The third section consists of five chapters discussing various elements extrinsic to works of literature, such as biography, psychology, social milieu, ideas, and other arts; this is opposed to elements intrinsic to a work, which are explored in Section 4.[16] They write that research into extrinsic elements often results in an attempt to establish some causality between the extrinsic elements and a work. Although "[n]obody can deny that much light has been thrown on literature by a proper knowledge of the conditions under which it has been produced", such studies "can never dispose of problems of description, analysis, and evaluation of an object such as a work of literary art."[41]
Wellek and Warren describe three views of a biographical approach, of which only one – the biographical aspects relating to the production of a work – can be of use;[42] this use, however, is limited.
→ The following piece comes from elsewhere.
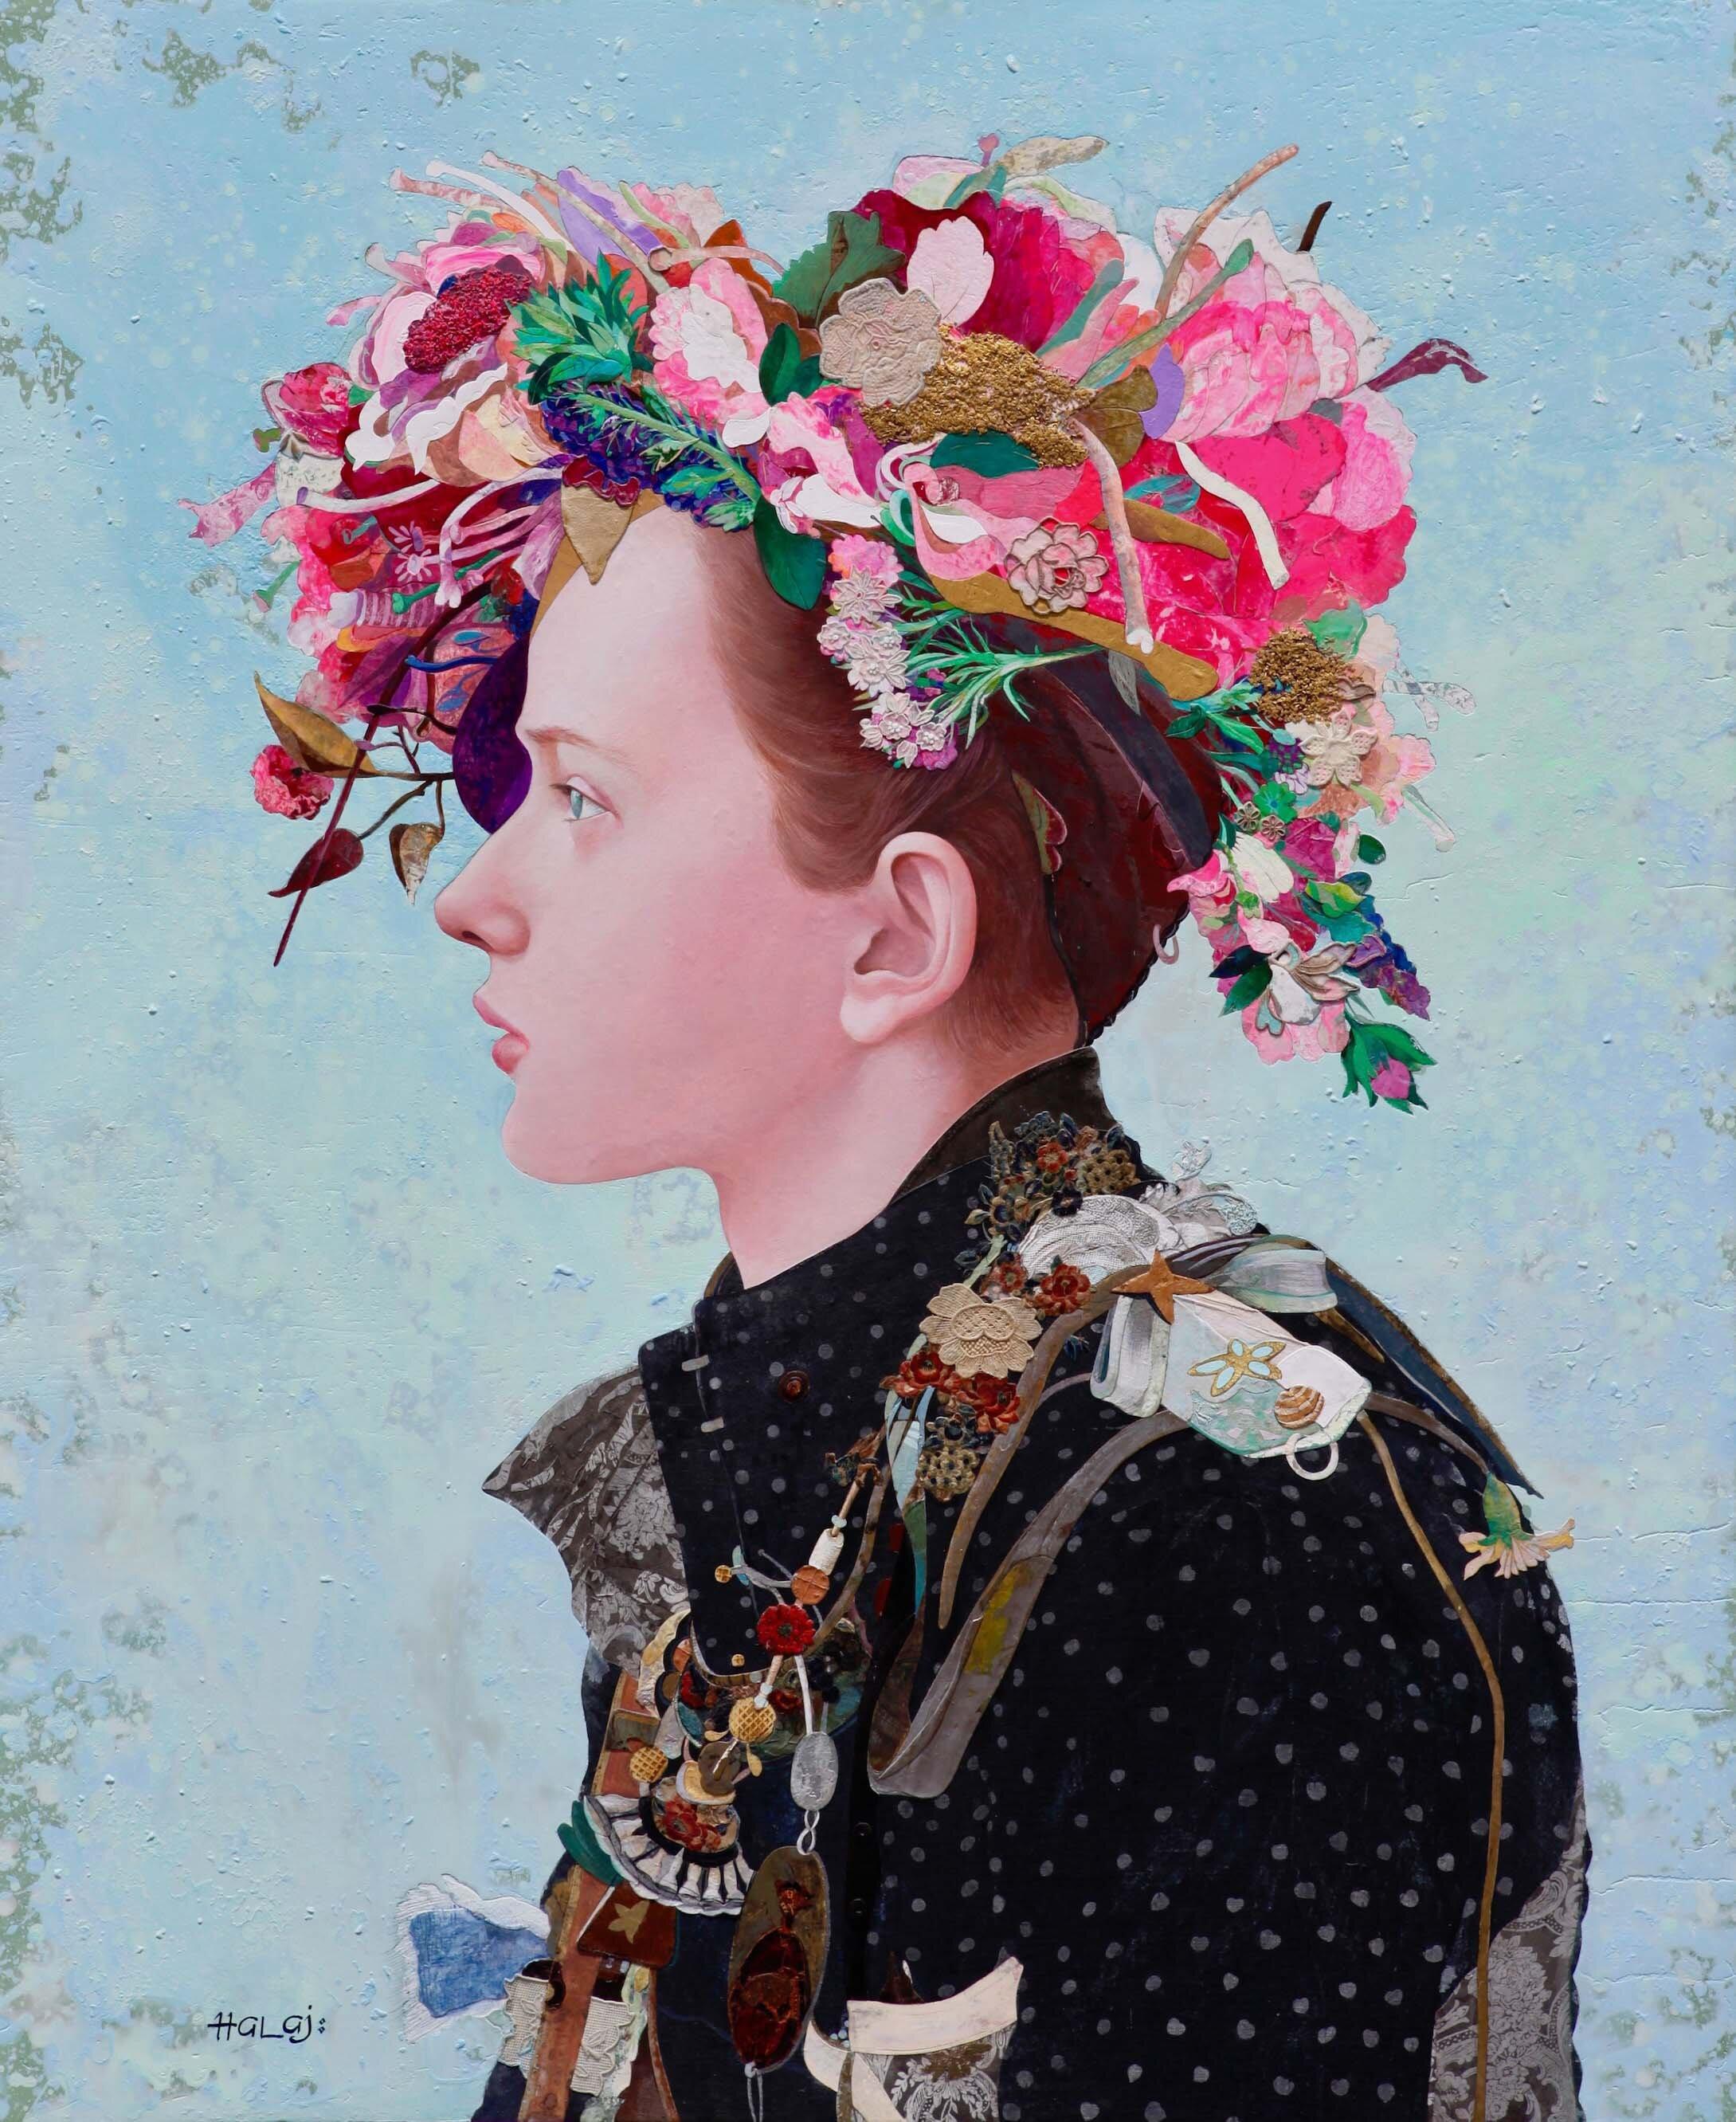 "Minas Halaj "" Floral Mind # 53 "" 2019, Oil Mixed Media On Panel, 56x46 inches ( 142.24x 116.84 cm.).jpg"

They reject the views that works accurately reflect the author's life or that the author's life must be understood in order to understand a particular work.[43]According to Wellek and Warren, works may indeed reflect the author's experiences, but they may also reflect an author's hopes and dreams, or literary tradition and convention, and as such are "not a document for biography".[44] Likewise, an understanding of personal style (what makes a work "Miltonic", "Keatsian", "Shakespearean", or "Virgilian") does not rely on knowledge of the author's life. They conclude that "it seems dangerous to ascribe to [biography] any real critical importance", and that such approaches, if undertaken at all, should be done with a "sense" of the distinctions outlined above.[45]
Wellek and Warren consider analysis of characters the only legitimate application of psychological analysis in literary study. Such an analysis, however, they find lacking on its own merits: individual characters do not fit psychological theories of the time they are written. Works which are true to certain psychological theories, meanwhile, are not necessarily better. Thus, they question the value of looking for psychological "truth" in how a work is presented.[46] Additionally they outline and critique psychological theories that have been used to analyze authors[47] and the creative process.[48]
A man in formal dress, looking forward
Wellek and Warren note that Coleridge's work helped bring Neoplatonistic views to England.[49]
Wellek and Warren write that literature is ultimately a social institution as several aspects of it are created or influenced through social conventions and norms. They reject a more specific understanding of social realities in literature.[50] An author, for example, is a social being, raised and shaped by society and is in a dialectic relationship with the audience: the audience provides recognition and an income, and the author shapes audiences' tastes and behavior.[51] Intrinsic elements of the work, and indeed the "realization of certain aesthetic values", can reflect contemporary society and its attitudes.[52]Literature does not, however, "correctly" reflect society or life,[50] and may exhibit little connection.[52] As such, "social truth" should not become an artistic value of its own right, and literature should not be thought of as a "substitute for sociology or politics".[53]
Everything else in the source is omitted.